Как чудовище могло прикасаться к ней с та­кой нежностью? Как чудовище могло смотреть на нее небесно-синими глазами? Лаура покача­ла головой, отвергая все, кроме того, что он заставил ее чувствовать сейчас, — что она ум­рет, если расстанется с ним.

— Да, у него есть способность околдовать меня.

— А я? Я тоже чудовище?

— Вы? — Лаура недоуменно взглянула на тетю. — Конечно, нет.

— Но я тоже умею колдовать. — Софи по­жала плечами, и на ее губах появилась застен­чивая улыбка. — Может быть, очень неважно, но я тренируюсь.

— Это другое дело.

— Почему? Не знаю, может быть, нужно поведать твоему отцу о моей истинной при­роде, чтобы ему потом не пришлось сожалеть, что он женился на ведьме.

— Тетя Софи, нет! — Лаура схватила Софи за руку. — Вам нельзя говорить ему правду!

— Ну и ну. — Софи вздернула подбородок. — Ты думаешь, что он может отказаться от меня?

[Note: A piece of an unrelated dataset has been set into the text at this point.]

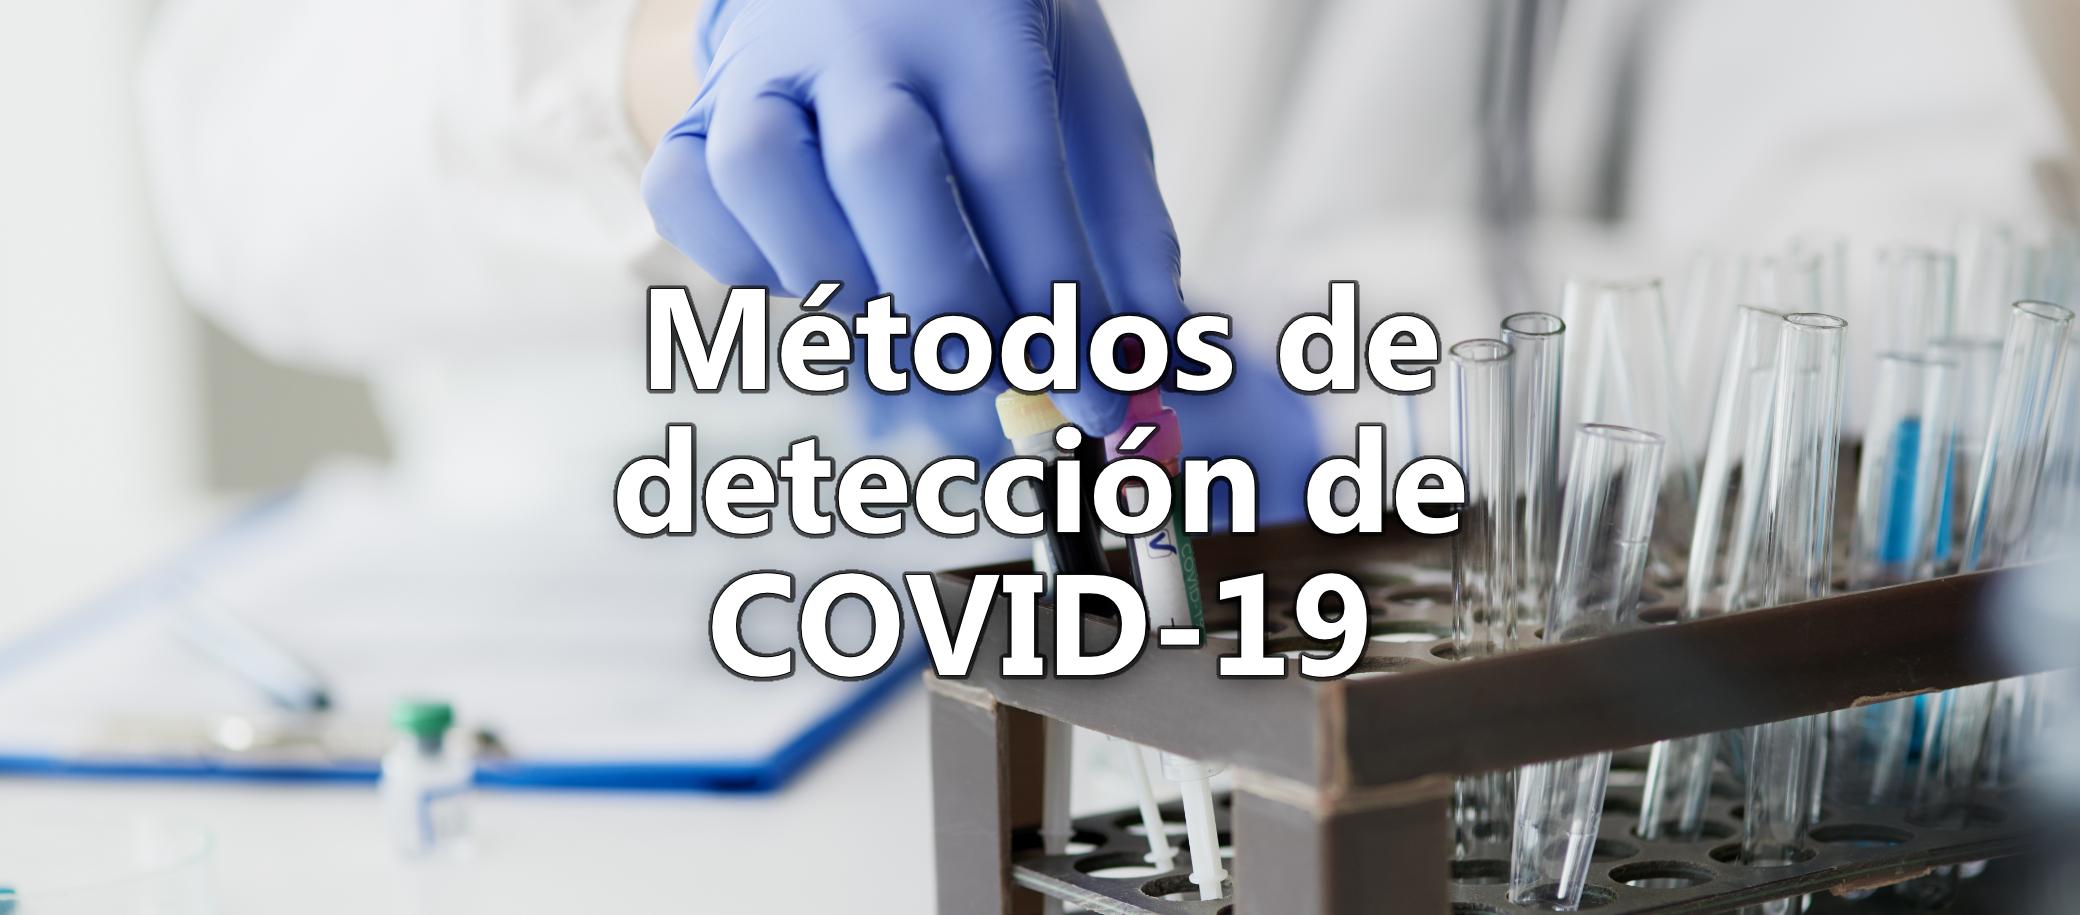 Métodos de detección de COVID-19

— Трудно сказать, как он поступит.

— Если он любит меня, он примет меня такой, какая я есть. — Софи глубоко вздохну­ла, расправив стройные плечи. — Не думаю, что у супругов могут быть какие-то тайны друг от друга. Наверно, пора сказать ему правду.

— Пожалуйста! — Лаура схватила Софи за руку. — Не делайте этого!

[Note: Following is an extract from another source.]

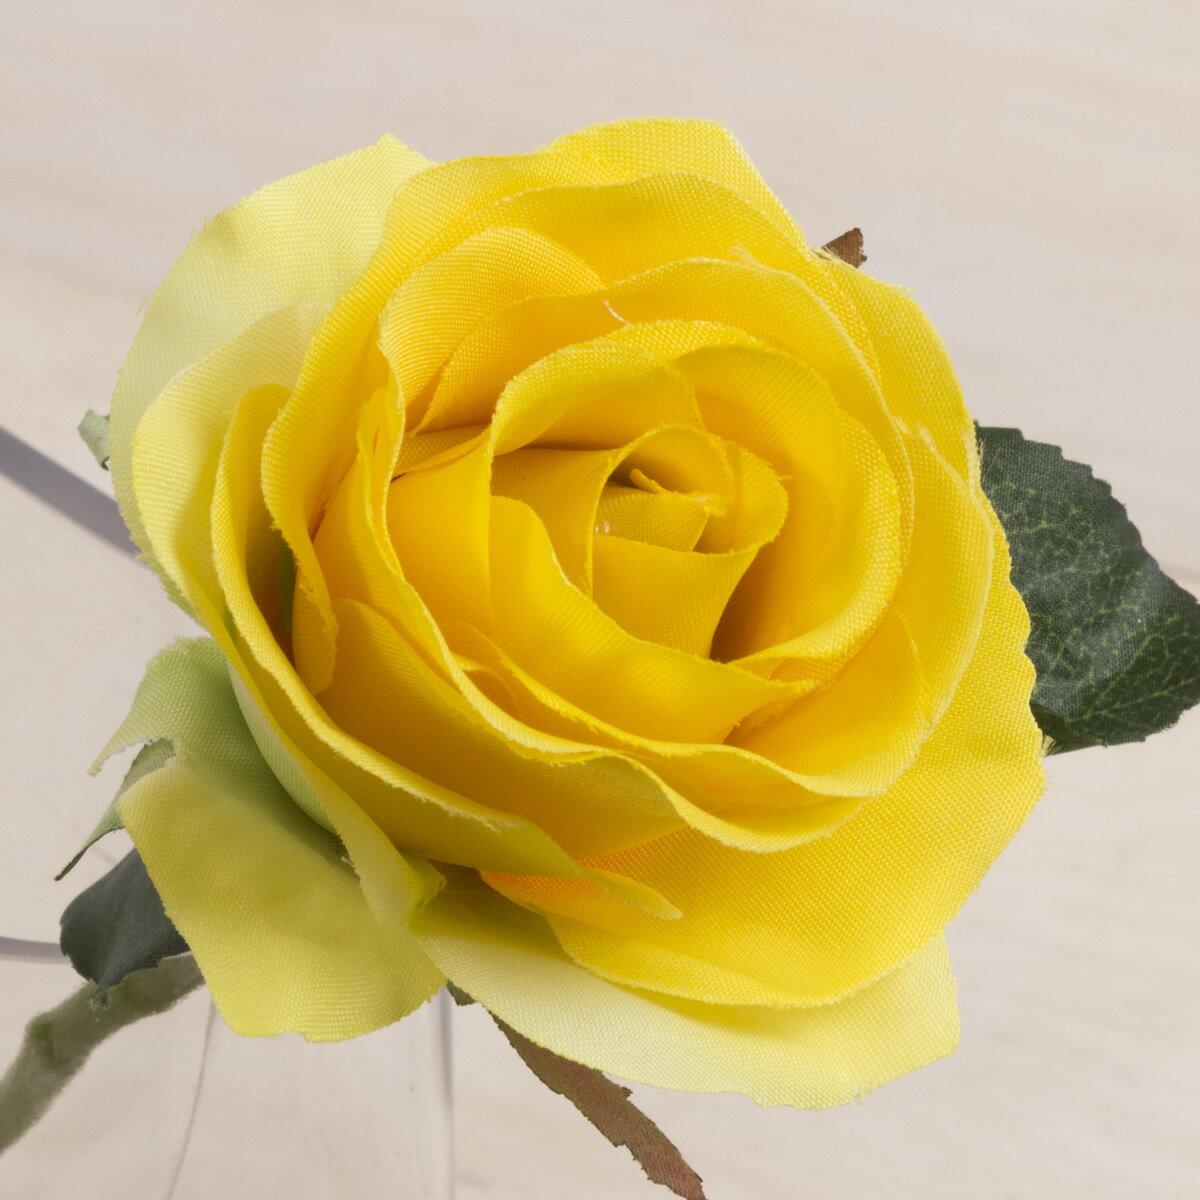 即日★【造花】YDM/ローズ イエロー/FF2853-Y|造花 バラ【00】《 造花(アーティフィシャルフラワー) 造花 花材「は行」 バラ 》

— Подожди здесь, — Софи похлопала Ла­уру по руке. — Я хочу, чтобы ты осталась и оказала мне моральную поддержку.

— Дэниэл, садись и послушай, что я тебе скажу, — пригласила Софи, указывая на кресло напротив Лауры.

Его лоб прорезали хмурые морщины.

— В чем дело, Софи?

— Пожалуйста, сядь.

— Ну хорошо. — Он устроился в кресле, обтянутом шелком в белую и бордовую по­лоску, с видом человека, вызванного свиде­тельствовать в суде. — Судя по всему, дело серьезное.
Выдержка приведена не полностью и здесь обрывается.